Of the various types of these hemolytic anemias, we refer to the most frequent in medical practice:

  • ALFA-thalassemia: Due to insufficient production of alpha-globin chains.

Alpha-thalassemia Alpha-thalassemia

Severa. Leve.

There are no strings are produced

alpha-chain alpha-globin, but

globins. by introducing a very

It is associated with reduced compared

utero death of the beta-globin.

the fetus. It is compatible with life.

- The mapping studies of alpha-globin region on chromosome 16, show that there is structural genes for alpha-globin genes in this chromosome, and the disease is caused by deletions of one or more of these structural genes. These deletions, are thought to have arisen by crossing over in meiosis unpaired.

  • Beta-thalassemia: Due to insufficient production of beta-globin chain

- Rarely is due to a deletion.

- They are responsible for them, a variety of different mutations including: point mutations, insertions and deletions of one or more bases.

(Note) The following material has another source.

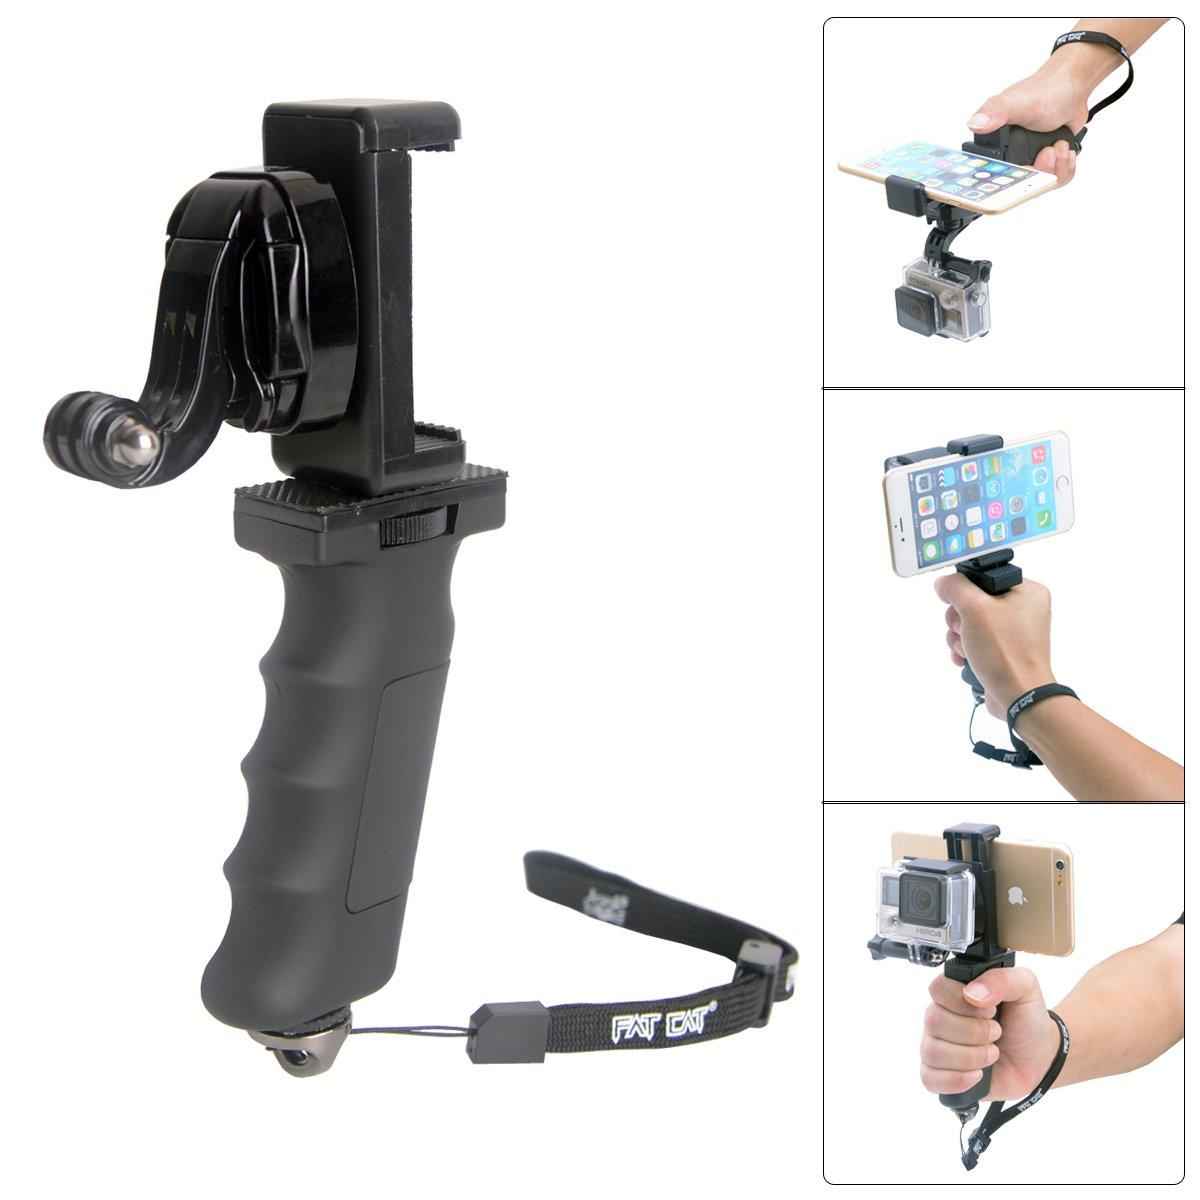 Ergonomic Action Camera Handle Grip Support w/ Smartphone Clip for GoPro Grip Holder Support for GoPro Hero 5 /4/3/Session Garmin Virb XE Xiaomi Yi SJCAM Hand Grip Mount Selfie Stick

- Mutations are classified as:

a) - Mutations of the transcription.

b) - Changes in mRNA unions.

c) - Mutations in the RNA-modifying regions.

d) - Changes in the termination of the chain.

e) - nonsense mutations.

- The affected individuals are usually compound heterozygotes, ie have different mutations in beta-globin genes.

  • Hereditary persistence of fetal hemoglobin: Included in thalassemia and is a persistence of fetal hemoglobin production in childhood and adulthood. These individuals continue to produce significant amounts of fetal Hb after birth.

It is not associated with any symptoms and was originally considered a scientific curiosity rather than a medical problem.